We are getting hits from around 125 of the 200 to 250 economies in the world, so somewhere around half of all economies are being seen.
We are seeing about 2,400 AS numbers, which can give us data we can graph. We have seen far, far more ASN.
If you look at the bottom, we have seen over the life of
the experiment 35,000, somewhere around 75 to 80 per cent of the entire AS set that is currently routed, we have had some measurement on.
I like to tell people we've seen Vatican City, we have seen around 16 measures from Vatican City. The last time I gave this talk, I said, "I'm not sure whose eyes were on the keyboard when it happened and I couldn't confirm they did v6." The next speaker said, "I helped network the Vatican City and I can assure you they do have v6." Maybe we need more cardinals to go on the web and see if they can see our advert, so we can measure them better.

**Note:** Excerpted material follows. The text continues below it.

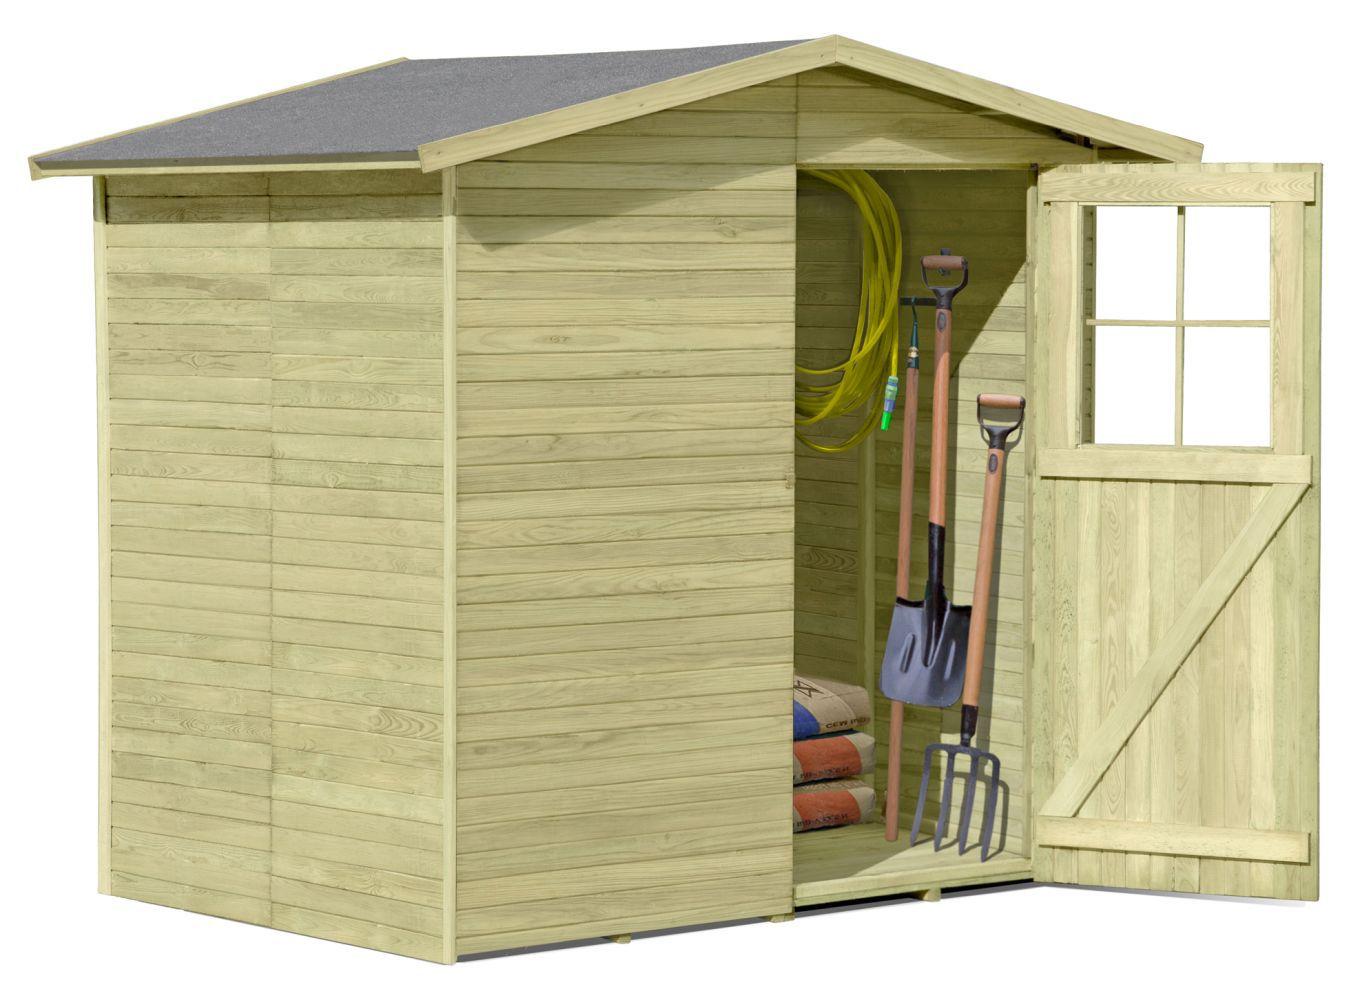 Gerätehaus 05, aus Kiefernholz, FSC® - Außenmaße: 200 x 165 x 210 cm (L x B x H)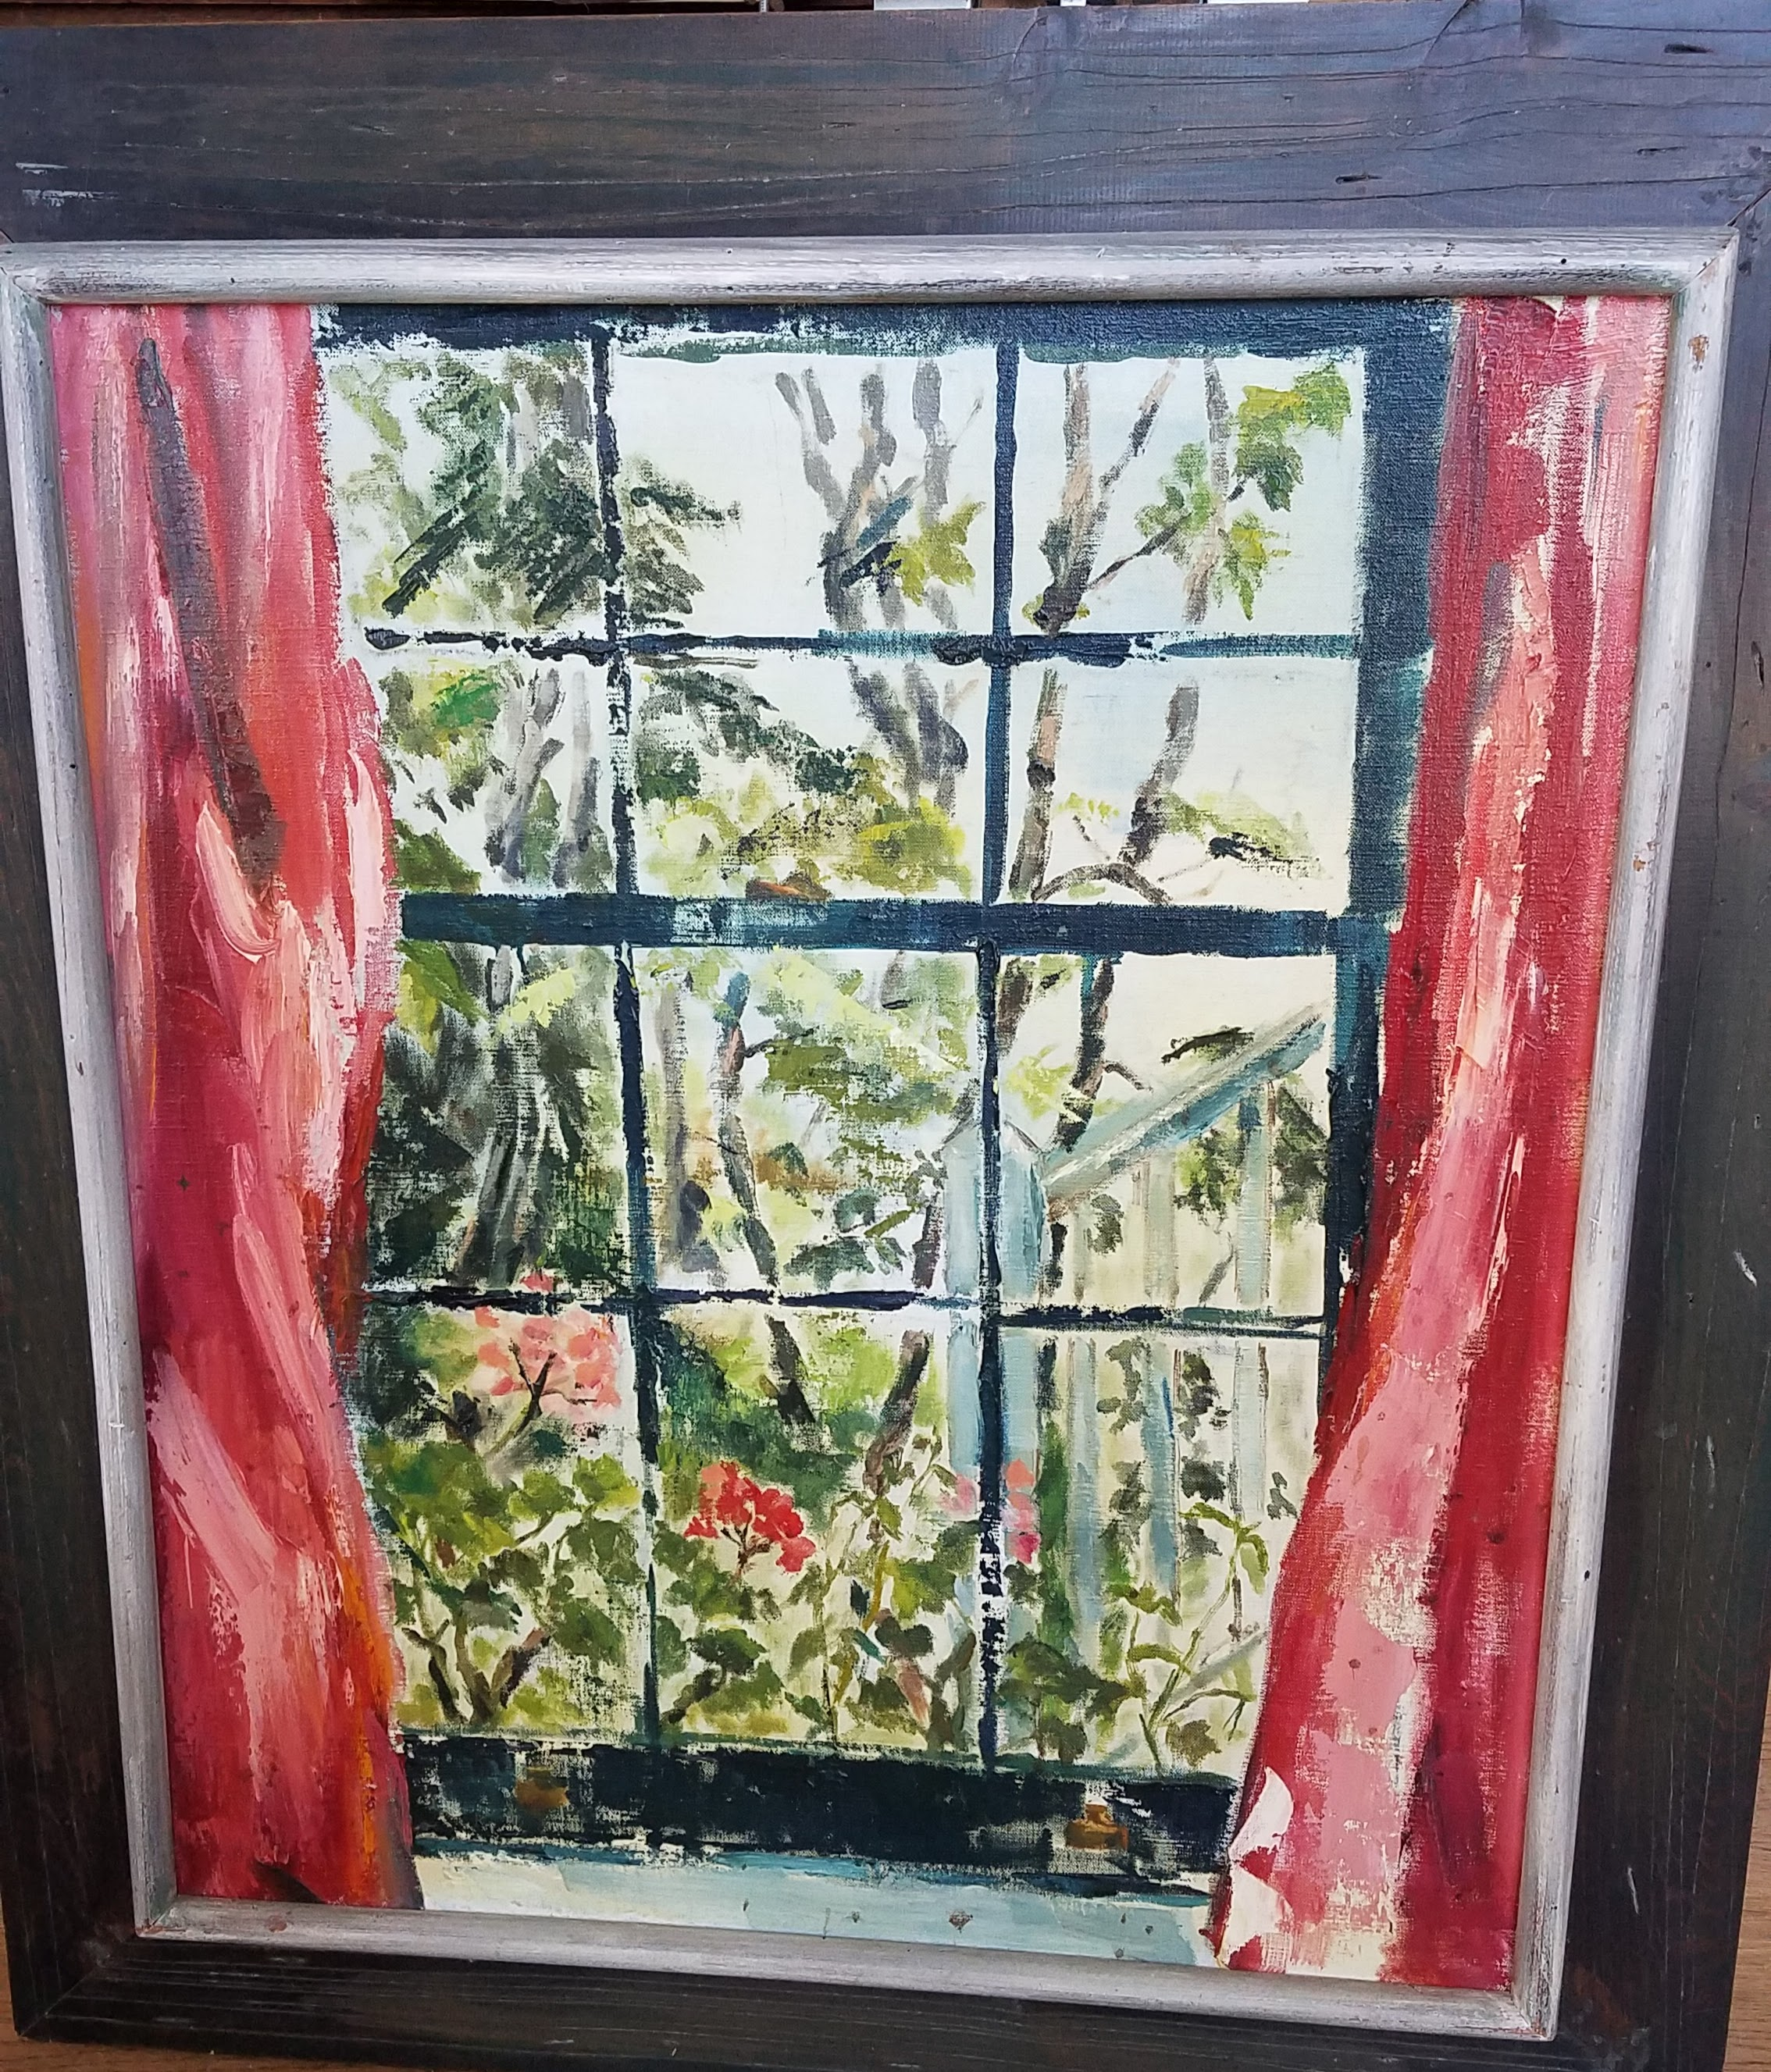 46) Window View

We are also using a visualisation technique that Google has done, which provides a really nice simple mapping on to the UN region model we are using for the regional breakdowns. This is an example of the visualisation, showing the South East Asia UN economic region. You can see I have highlighted Thailand, which is showing 0.2 per cent IPv6 preference. Indonesia also shows up as one of the stronger economies in this region, but the general trend in South East Asia is that there is quite a low uptake of IPv6 compared to the world.
If we look at Asia as a whole, you can get this enormously strong signal that China is actually
providing 0.4, so that is markedly higher uptake of IPv6. Japan is currently around 2 per cent, one of the world's best IPv6 uptake nations.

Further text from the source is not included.